When looking at the long-term picture, the cost to rent a UK property has risen by an astonishing 10% in the last year. Despite this figure, Zoopla claims renting has become cheaper than a monthly mortgage repayment for the first time in 13 years. This is due to high mortgage rates that have, hopefully, already peaked.
First-time buyers get a foot on the ladder
Despite renting potentially saving people money in the short term, the desire to own a property is still there. Zoopla also found first-time buyers make up a third of all property purchases. While mortgage rates have affected first-time buyer affordability, the Lloyds Banking Group has found some market factors are working in their favour.
Income to house price ratios favourable
Wages have grown approximately 7% in the last year, while property values have fallen slightly. This means the gap between house prices and incomes has narrowed. In fact, at a national level, the typical first-time buyer property price is cheaper in 2023 – 5.4 times average earnings now, which is down from 5.8 last year.
Lloyds’ overview of the first-time buyer market also revealed 63% of first-time buyers are joint applicants able to call on more than one salary, enhancing affordability. The bank added that more than half are opting for 30-year mortgage terms for more affordable monthly repayments.
At the time of writing, analysts expected mortgage lenders to further reduce home loan rates. The move is designed to stimulate new mortgage applications after a quiet summer. Products where the rates are expected to reduce include fixed deals for new borrowers and those remortgaging.
We predict autumn will be the season that people focus on affordability, rather than postpone moves altogether. In addition to more palatable mortgage rates, adjusted asking prices should encourage buyers who had been previously put off purchasing.
Buyers should start noticing an affordability difference when looking at the portals. Rightmove’s latest analysis found the UK’s average asking price in August had dropped by £7,012 to £364,895. The reduction occurred at the same time as the average five-year fixed mortgage rate fell from 6.08% to 5.81%.

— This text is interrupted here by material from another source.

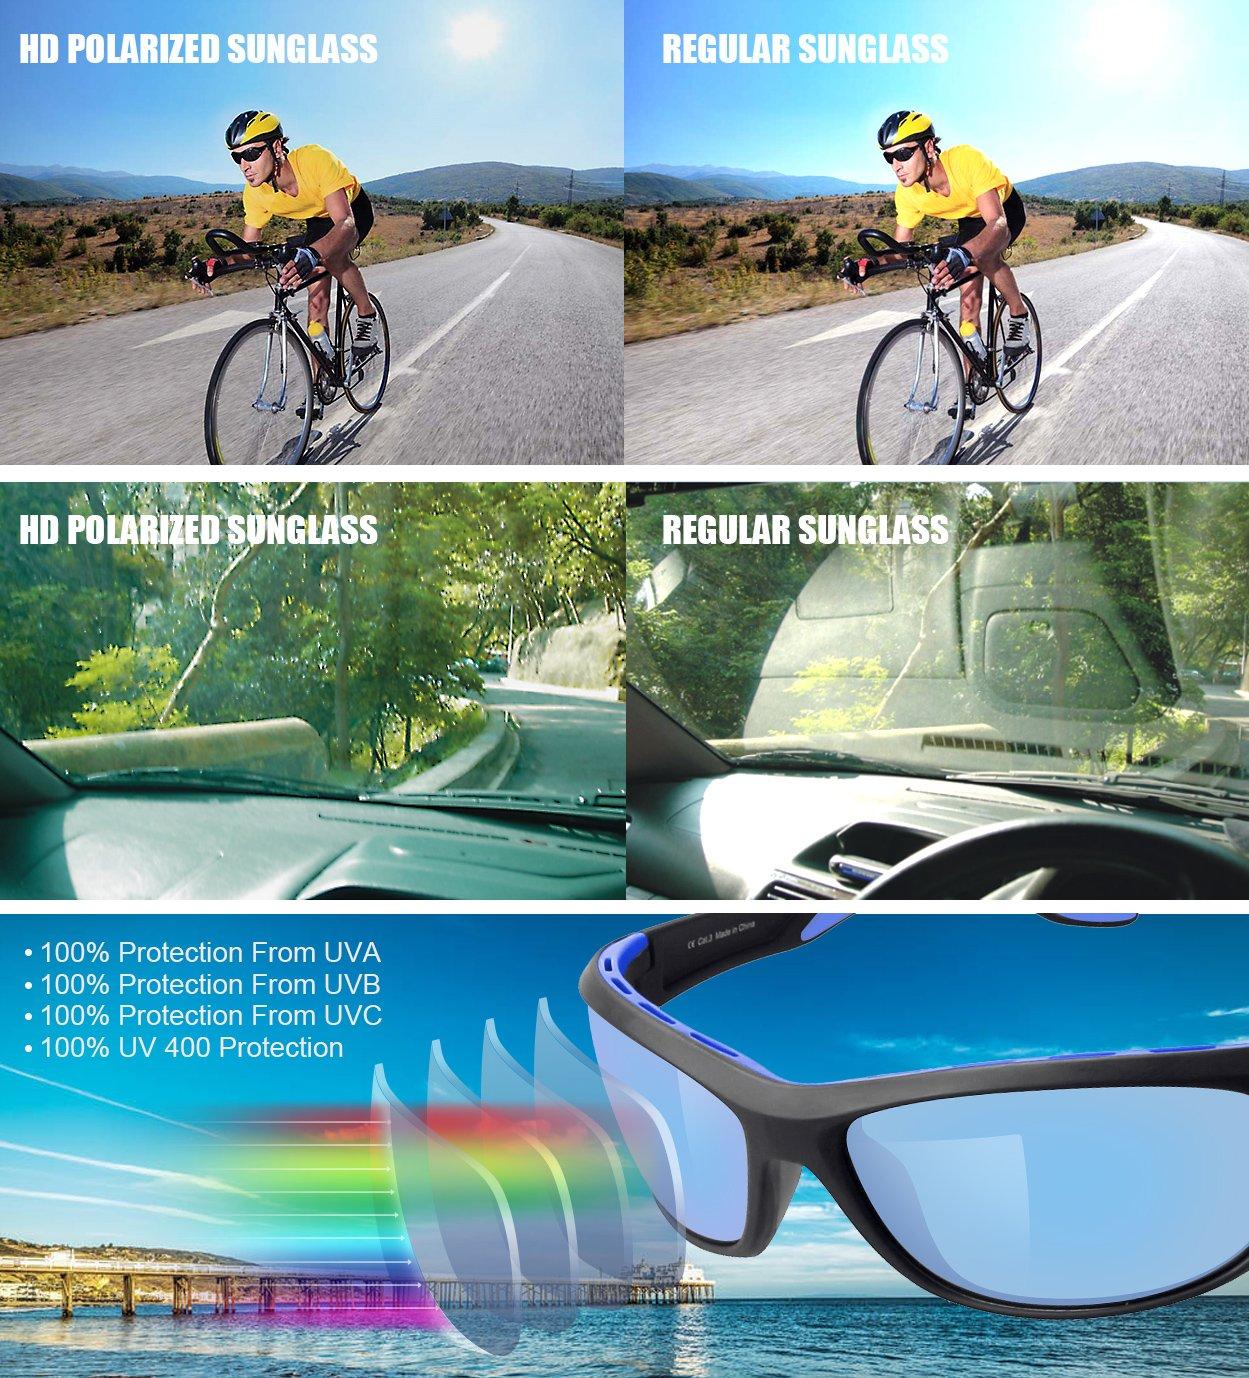 c5c2c03e21 Sport Sunglasses Mens Polarised Sunglass Mirrored Driving Sunglasses Anti  Glare Sunglasses UV 400 Protection SuperLight Switzerland Grilamid TR90  Frame for ...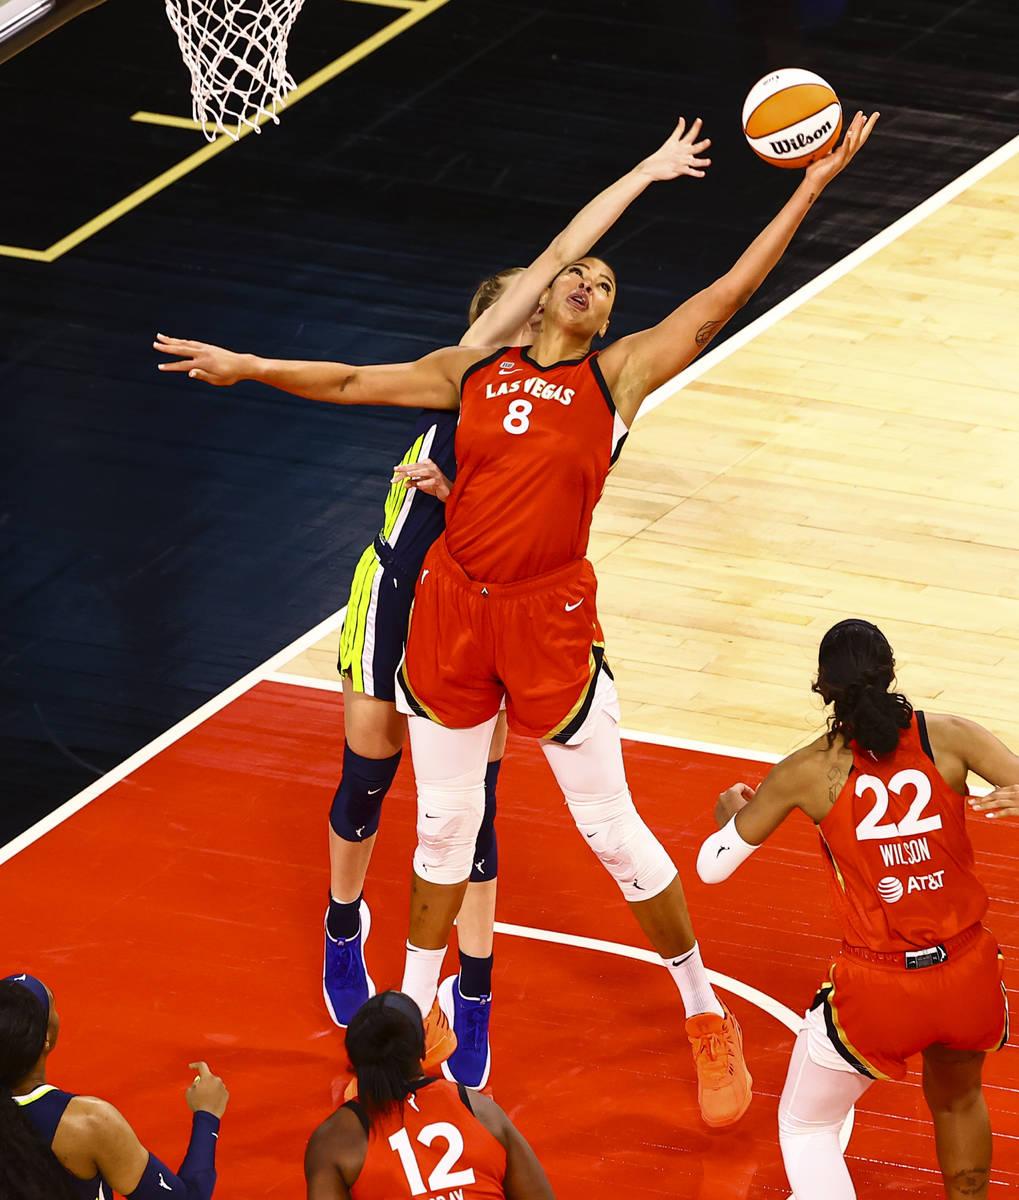 Las Vegas Aces' Liz Cambage (8) grabs a rebound against Dallas Wings' Bella Alarie (32) during ...

UK’s average sold house price below £260,000
Sold property values also continue to drift slowly downwards. The latest House Price Index from Nationwide revealed house prices for sold properties fell 0.8% during August, following a 0.3% reduction in July. The building society is quoting a new UK house price average of £259,153.
While sellers may have to adjust their expectations slightly when selling this autumn, much can be done to affect the saleability of properties. When Rightmove asked homeowners if they think it’s worth paying more for an energy-efficient home, only 6% disagreed. This statistic was followed by the portal’s Greener Homes Report 2023.
Energy efficient homes more valuable
Within the report were details of how much an improved EPC rating can lift a home’s value. To express this in monetary terms, Rightmove analysed the EPC ratings and asking prices of 300,000 properties that have sold twice in the last 15 years.
Based on its analysis, homes where the EPC rating has been increased from a D to C could see an increase in value of £11,157. Properties where the EPC rose from a F to a C rating could see £56,000 of value added. This data set confirms that a ‘green premium’ is a real phenomenon in property.